The ever-reliable Chiwetel Ejiofor plays Solomon Northup, an affluent professional violinist living in New York in the early 1840s. Solomon's happy life with his wife and children is torn to shreds when he takes an engagement to perform in a series of cities further south in the United States. All initially goes well, but then he is plied with drink and awakens to find himself in irons, in a slave pen.

Yes, someone has realised there is a tidy profit to be made in kidnapping free-born black men from the north, shipping them to the slave states of the south, and then selling them at auction. And this is the fate that befalls Solomon, a fate which the film depicts in some detail.

This is Ejiofor's film, for he appears in practically every scene and delivers the kind of performance which has Oscar-winner written all over it, but he is supported by a succession of big-name white actors who turn up to play his various persecutors and tormentors – Paul Giamatti (who, funnily enough, played another slave trader in the first film I ever reviewed for the Post), Cumbersome Bandersnatch, Paul Dano, Michael Fassbender; all of them turn up and none of their characters is wholly sympathetic – indeed, almost all of them are complete monsters. The only decent white man with any real presence in the film is played by Brad Pitt, who – to be fair – gives a very creditable performance.

However, neither the quality of the performances, nor the measured direction of McQueen (the other one), nor John Ridley's thoughtful script, nor Hans Zimmer's powerful score (much of which admittedly sounds like bits of the Increption soundtrack, reused) can disguise the fact that watching 12 Years a Slave is a grim and deeply uncomfortable experience from start to finish. There are numerous beatings, stabbings, lynchings, and rapes, most of them pretty graphically depicted. The ending of the film is not entirely downbeat, but the fact remains that this film is almost totally bereft of traditional entertainment value.

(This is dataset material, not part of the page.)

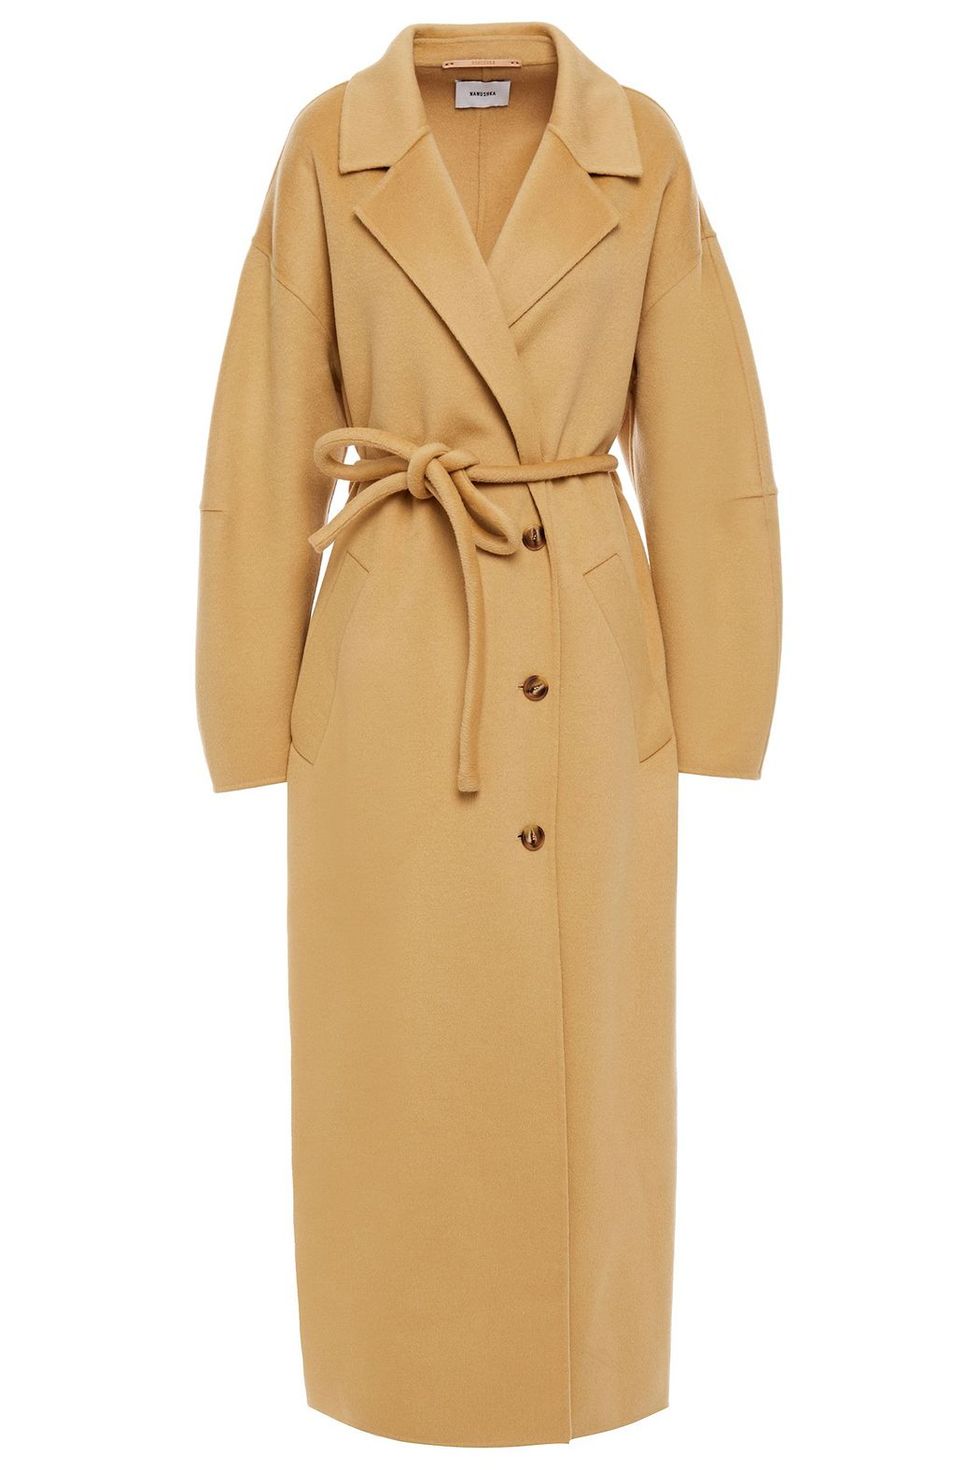 Moda Cappotti 2021: cappotto lana & seta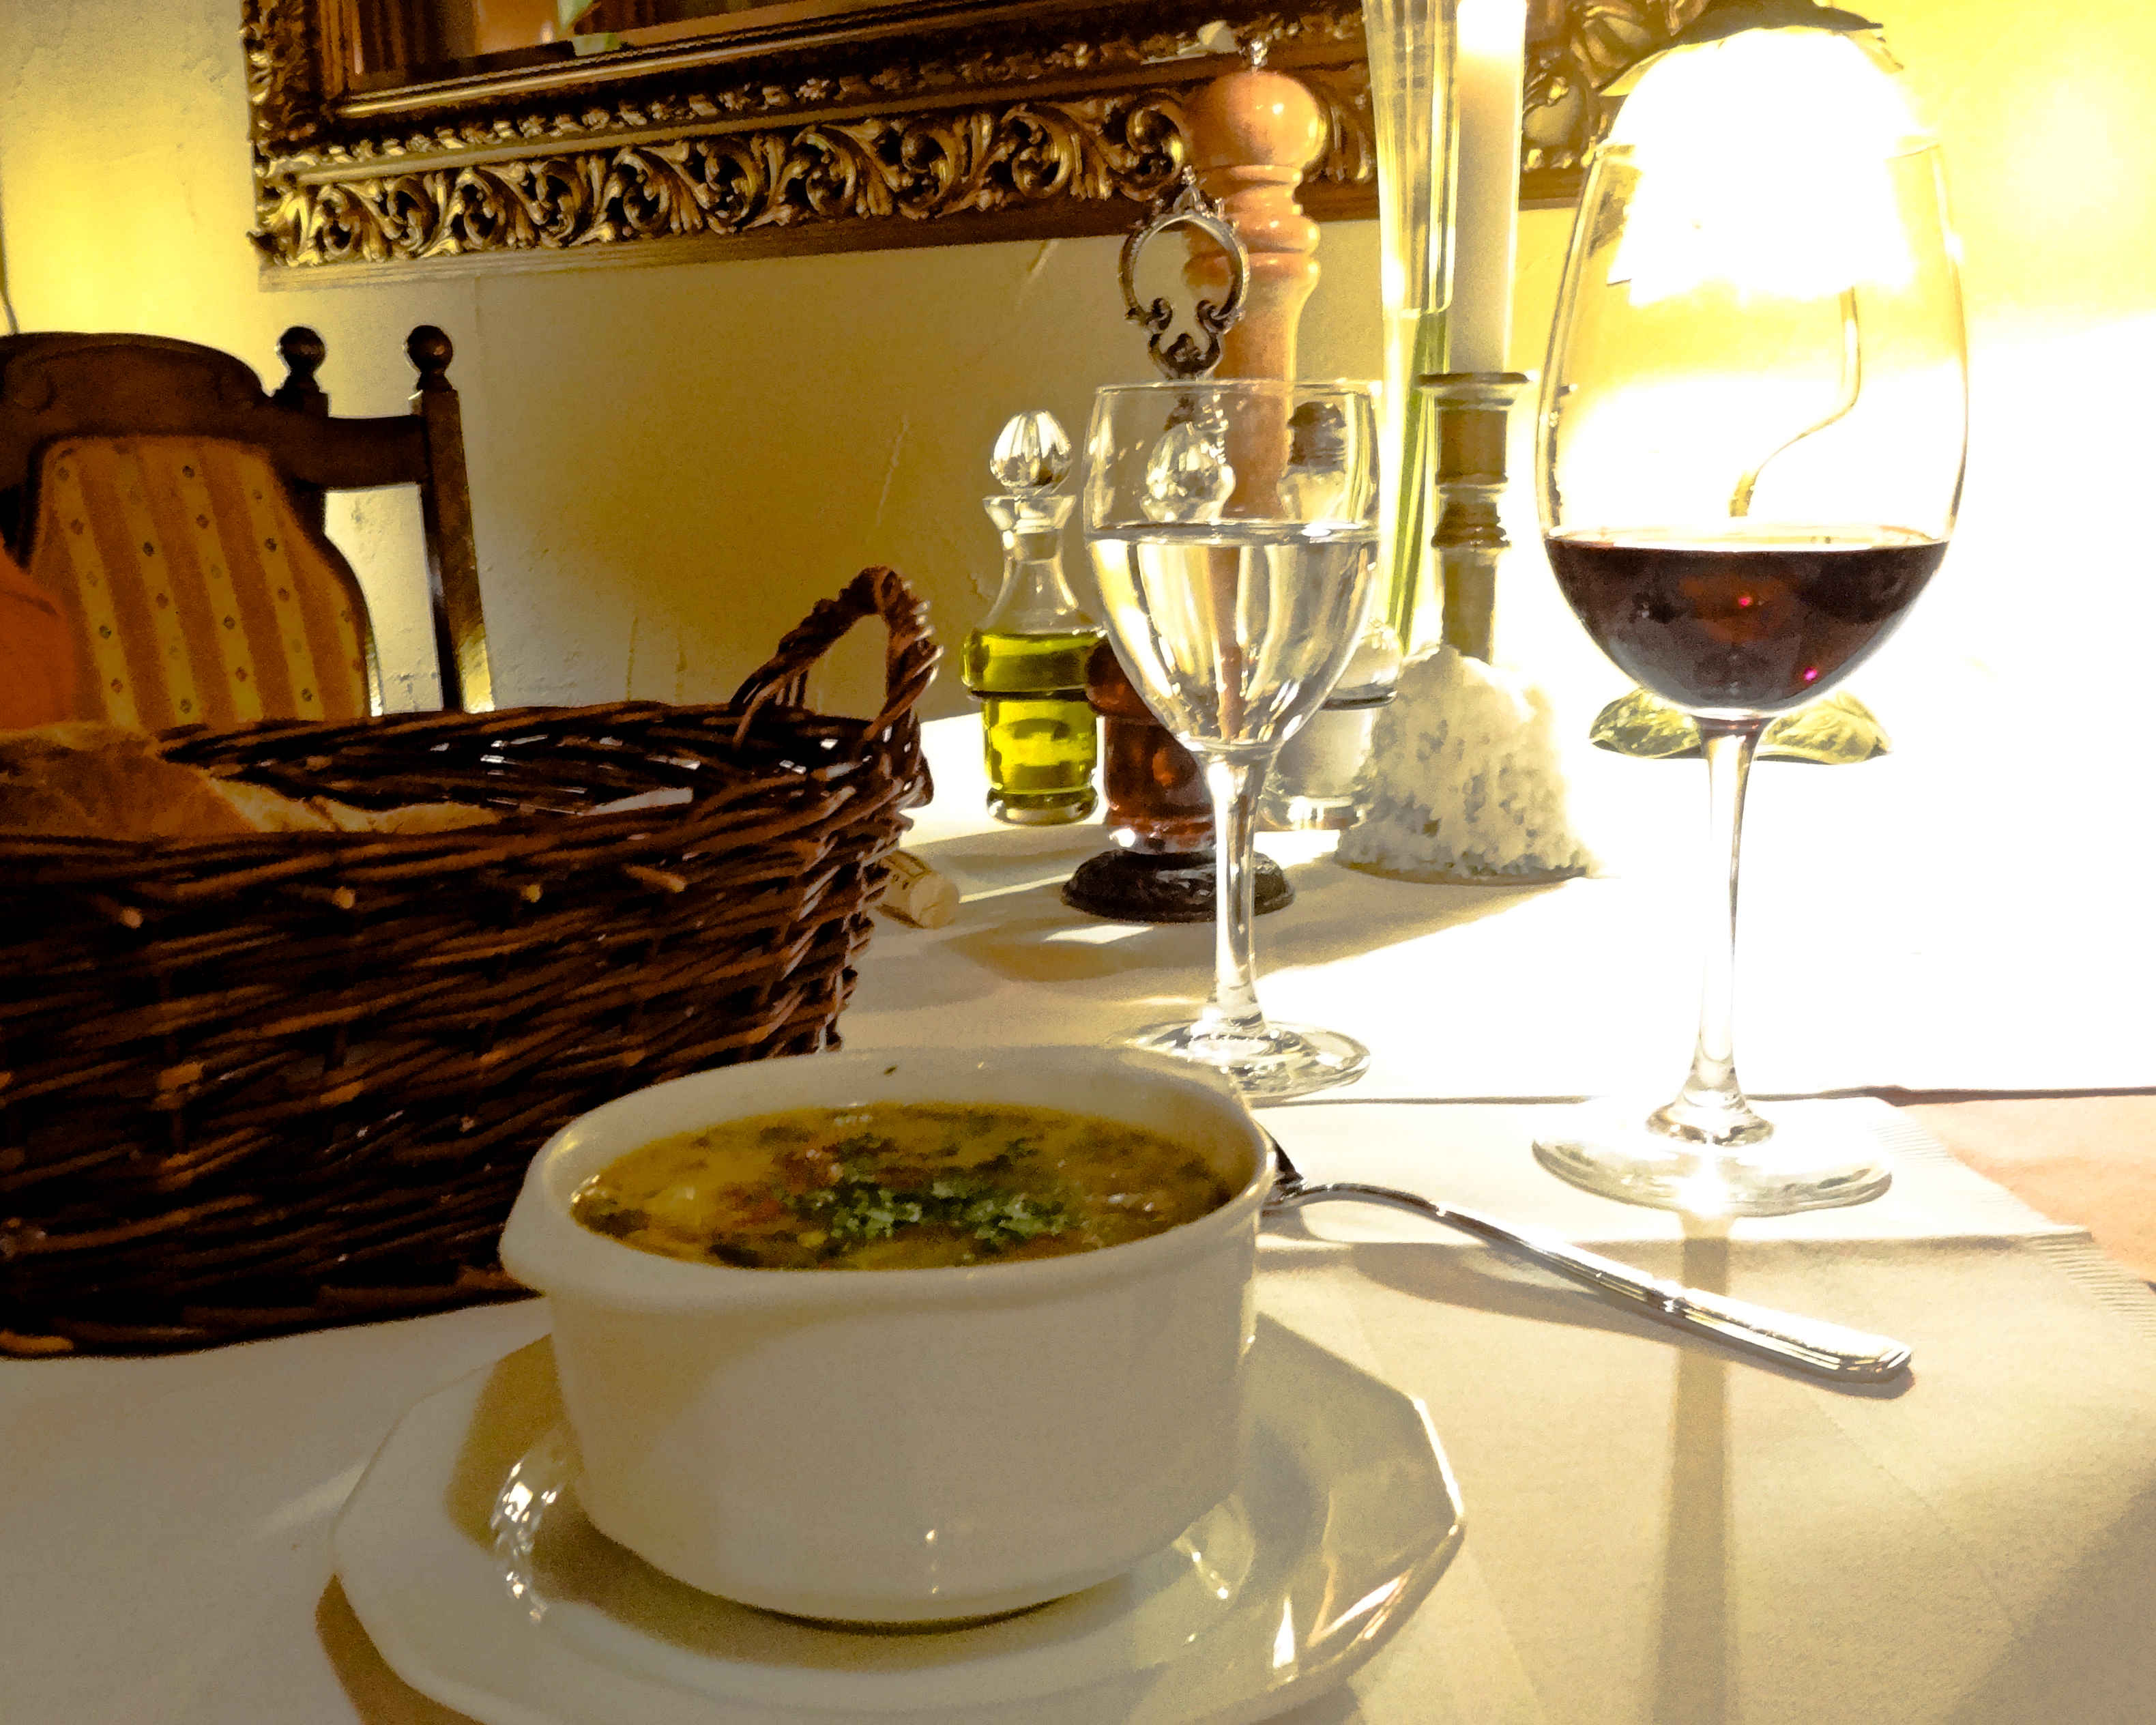 restauracja włoska we wrocławiu kolacja we włoskim stylu tiramisu angellovesdreams

In this respect it reminded me of the similarly-depressing Grave of the Fireflies, which I finally saw last year. I concluded that this sort of factually-inspired historical gloom-a-thon is almost always made with a view to pushing a particular political or moral point. In the case of 12 Years a Slave, the point that Steve McQueen (the other one) is making is that slavery was an awful thing. But does anyone sane still seriously deny this fact?

I mean, you could make a film about one of the great plagues which devastated Europe in the middle ages, and meticulously portray the entire cast dying in bubo-encrusted agony after lives of squalid misery, and it would be a faithful depiction of an actual historical happening, but why would any audience pay to watch something like that? What would be the value to it?

I suppose McQueen would argue that so many of the injustices and social problems which beset modern western culture are a consequence of its former complicity in the slave trade that a film like this is still of immediate contemporary relevance, but I'm not sure – nor do I think that 12 Years a Slave's unflinching succession of horrors is the most accessible way of handling this subject. Personally I was struck by the (admittedly broad) parallels between Ejiofor's tribulations in the first act of this film and those visited upon Charlton Heston in the original Planet of the Apes: provocative though I know this suggestion is going to be, I think you could profitably view Planet of the Apes as a post-slavery movie.

But anyway. This is a well-made, serious, and not entirely unaffecting movie, but it's still bloody depressing for the vast majority of its running time. You can obviously argue that this necessarily goes with the territory, but I'm not completely sure that I'd agree. I can't quite shake the impression that McQueen is more interested in cursing the darkness than in lighting candles. I've had it with the January detox: give me something first and foremost intended to entertain, please.